Marche de protestation d’Unifor et de l’AIMTA contre Boeing

2017/09/15 | Par Richard Lahaie

Le 13 septembre dernier, 650 syndiqués d’Unifor-Québec et de l’Association internationale des machinistes et travailleurs et travailleuses de l’aérospatiale (AIMTA) ont marché dans les rues de Montréal sous un ciel sans nuage. Ils ont fait un arrêt devant le consulat américain avant de se rendre devant les bureaux de Jeppesen, une filiale de Boeing.

Cette marche fait suite à la plainte de la compagnie américaine Boeing prétendant que Bombardier a bénéficié d’une aide gouvernementale indue qui lui permet de vendre à rabais ses avions CSeries. Le département du commerce des États-Unis a débuté une enquête à la suite de cette plainte et rendra sa décision le 25 septembre prochain.

En entrevue à l’aut’journal, Renaud Gagné, directeur québécois d’Unifor, explique « qu’il est primordial de lancer un message clair et de signaler que les prétentions de Boeing sont mal fondées et risquent de faire perdre des emplois et d’affaiblir l’économie du Québec ».

« Les ventes de la CSeries ne représentent pas le tiers de 1% des ventes de Boeing. Il faut noter que Bombardier a généré, en 2016, des retombées de 14 milliards de dollars chez des sous-traitants étasuniens. Le 25 septembre prochain, les États-Unis pourraient imposer des droits compensateurs jusqu’à hauteur de 70% du prix payé par Delta Airline pour les avions de la CSeries. Comme dans le cas du bois d’œuvre, l’imposition de droits compensateurs a des effets négatifs sur l’emploi et l’industrie. Ce n’est pas uniquement Bombardier qui sera touché, mais aussi ses fournisseurs tels que Pratt & Whitney et Avior. Les conséquences pourraient se faire sentir ailleurs dans d’autres secteurs économiques comme celui de l’aluminium, qui entre dans la chaîne de production. Bombardier achète 50 000 tonnes d’aluminium par année », de poursuivre Renaud Gagné.

« Cette plainte de Boeing met en danger les emplois dans l’aérospatial au Québec, au Canada et dans plusieurs autres pays. CSeries est l’avion le plus performant dans sa catégorie et le plus avancé technologiquement.
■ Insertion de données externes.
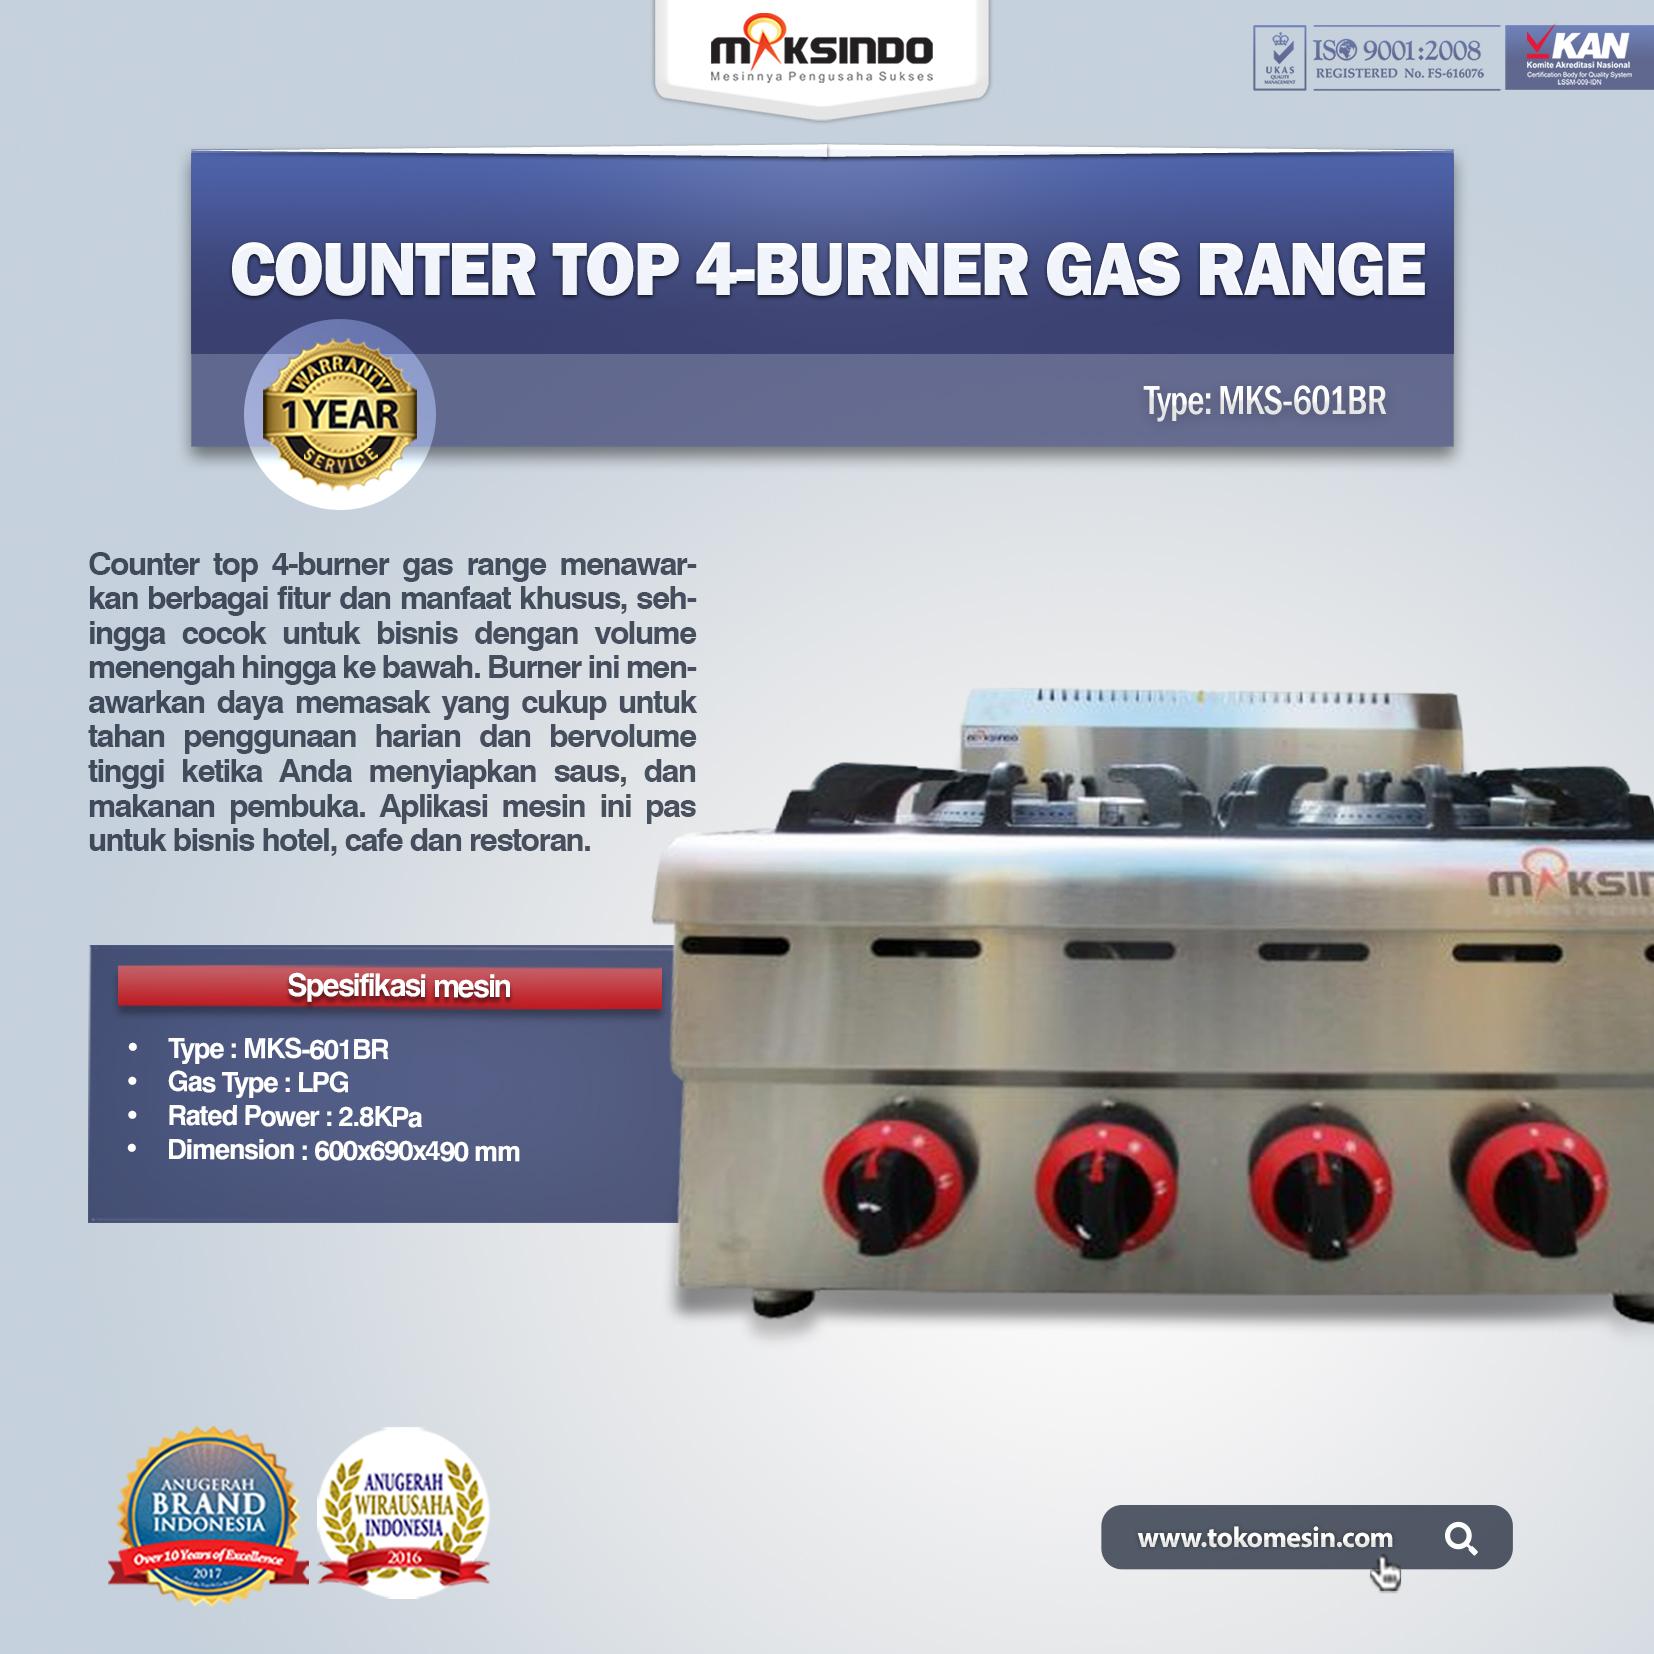 Counter Top 4-Burner Gas Range MKS-601BR

Cet avion est un joyau de l’industrie québécoise et Boeing veut l’empêcher d’être sur le marché », de s’indigner David Chartrand, coordonnateur québécois de l’AIMTA.

« Ce n’est même pas une question de compétition. Boeing n’a pas d’avion assez avancé pour concurrencer la CSeries. De façon abusive, Boeing a déposé une plainte, comme nous l’avons déjà vécu dans le secteur du bois d’œuvre où il y a eu des pertes d’emplois. Ce sont des emplois très bien rémunérés, qui font rouler les programmes sociaux via l’impôt sur le revenu. De plus, Boeing est la compagnie la plus subventionnée dans le monde via des contrats militaires en recherche et développement. Par la suite, Boeing utilise ces développements militaires sur leurs avions civils. Donc, ils accusent les autres de faire ce qu’ils font », de soutenir David Chartrand.

Ottawa a menacé Boeing de laisser tomber l’achat prévu de 18 avions militaires Super Hornet, si Boeing n’abandonnait pas sa plainte.

Plusieurs élus ont répondu à l’appel, dont Alexandre Boulerice et Pierre Nantel du Nouveau parti démocratique (NPD), Gabriel Sainte-Marie du Bloc québécois et Alain Therrien du Parti québécois.

« Si monsieur Trudeau et madame Freeland font une bonne job, on va leur dire bravo. Mais on va être vigilant, car on a vu dans le passé les libéraux échapper le ballon », de soutenir Pierre Nantel du NPD.

« Boeing, avec la complicité du département du commerce, veut faire mal à Bombardier. Ils savent que la plainte n’est pas fondée. Ils veulent juste faire peur pour ralentir le développement de Bombardier. C’est toutes les jobs du secteur aéronautique qui sont touchées par cette plainte. L’aéronautique est le secteur où il y a le plus de valeur ajoutée. Pour chaque dollar généré dans ce secteur, ça en fait 5 dollars dans notre économie. Il est faux de dire que Bombardier est subventionné, c’est des prises de participation que l’État a fait. Dans le passé, pour chaque « piastre » que le gouvernement a placée dans Bombardier, il a fait une piastre et demie. Dans les négociations de l’ALENA, il ne faut pas que les travailleurs québécois servent de monnaie d’échange pour l’industrie automobile », de dénoncer Gabriel Saint-Marie du Bloc québécois.